Nonparametric test for the comparison between HA and LA groups.

We found a positive correlation between the BVAQ‐B and TAS‐20 total scores (r = 0.542, P = 0.001) and their corresponding factors (B1/T2: r = 0.702, B3/T1: r = 0.717, B5/T3: r = 0.717; all P < 0.001). Regarding the associations between alexithymia and dysphoric affects, we found a positive correlation between TAS‐20 total and BDI‐13 scores (r = 0.455, P = 0.007), TAS‐20 total, and STAI scores (TAS‐20/STAI‐S: r = 0.458, P = 0.006; TAS‐20/STAI‐T: r = 0.410, P = 0.016). This was not the case for BVAQ‐B scores (BVAQ‐B/BDI‐13: r = 0.227, P = 0.196; BVAQ‐B/STAI‐S: r = 0.232, P = 0.187; BVAQ‐B/STAI‐T: r = −0.055, P = 0.757).
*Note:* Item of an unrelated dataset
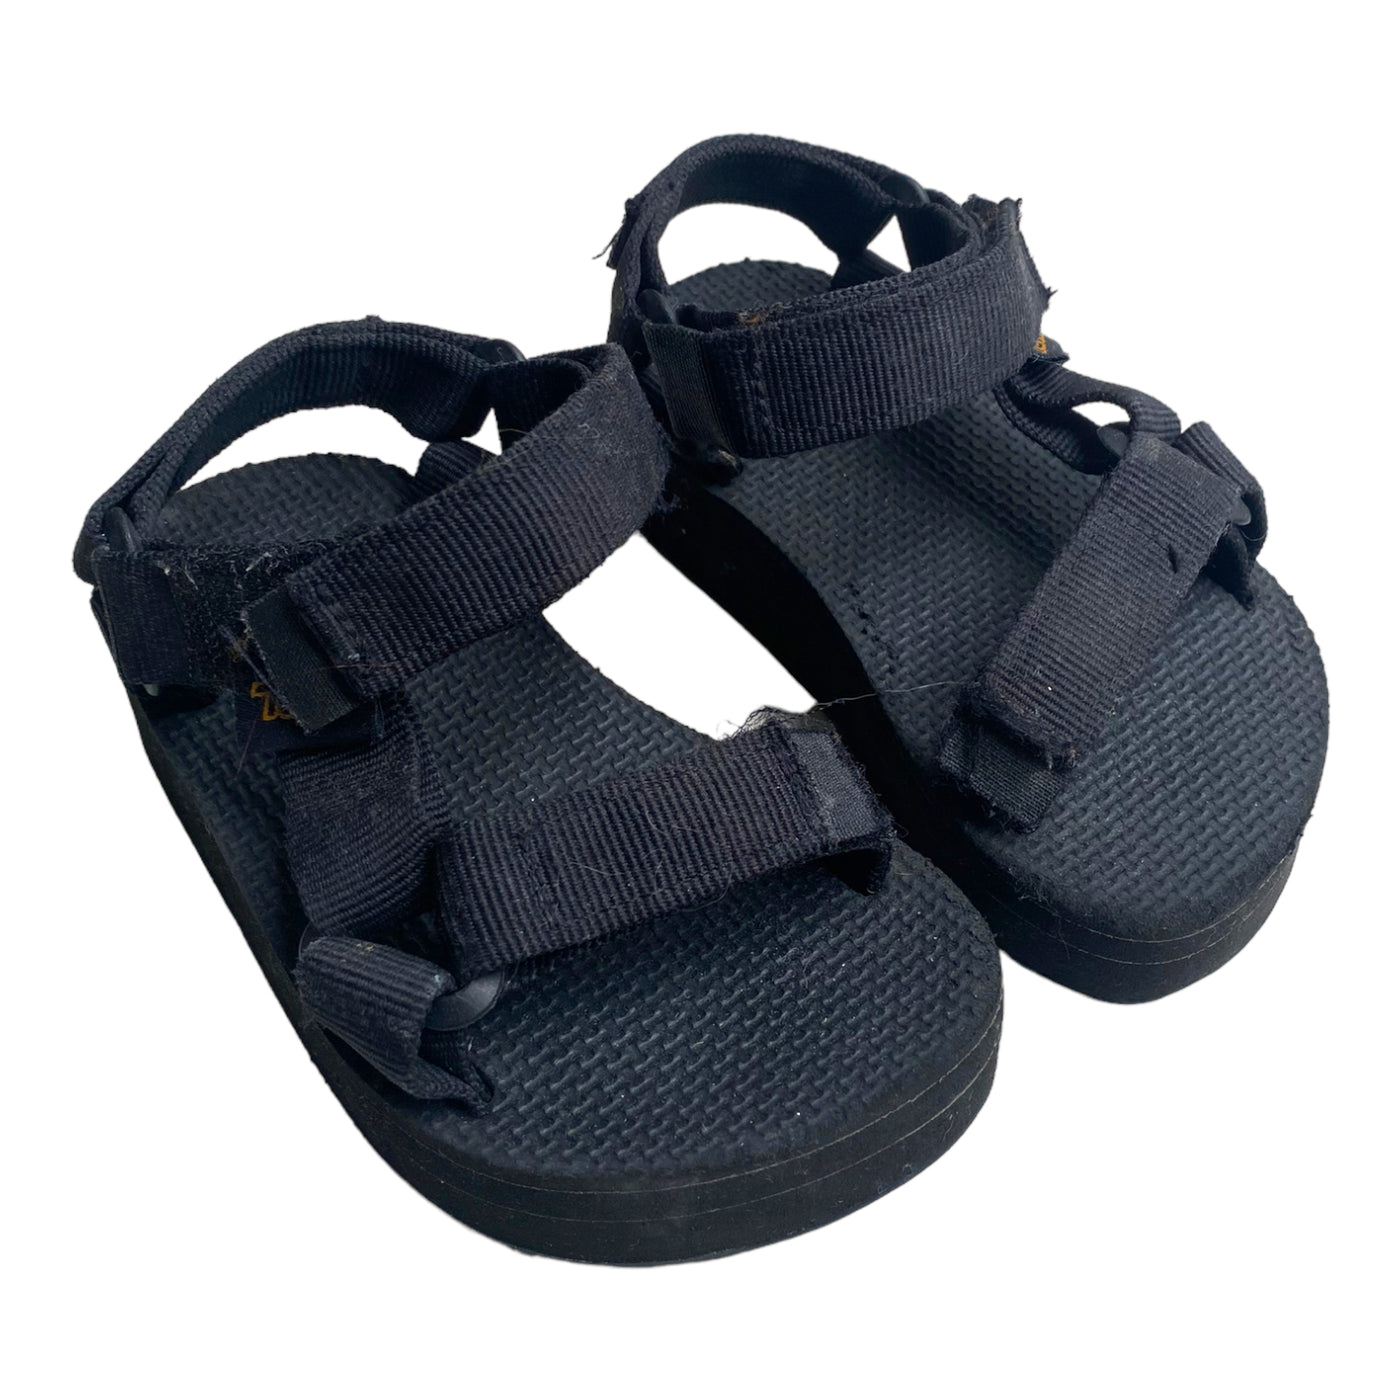 Teva sandals platform black size 24

Regarding the alexithymia subscores, only those measuring the difficulties in identifying feelings were correlated with dysphoric affects' scores (B3/BDI‐13: r = 0.419, P = 0.014; B3/STAI‐S: r = 0.552, P = 0.001; B3/STAI‐T: r = 0.480, P = 0.004; T1/BDI‐13: r = 0.513, P = 0.002; T1/STAI‐S: r = 0.446, P = 0.008; T1/STAI‐T: r = 0.606, P < 0.001).

Moreover, we found no significant difference between the HA and LA groups for the BDI‐13 and STAI scores.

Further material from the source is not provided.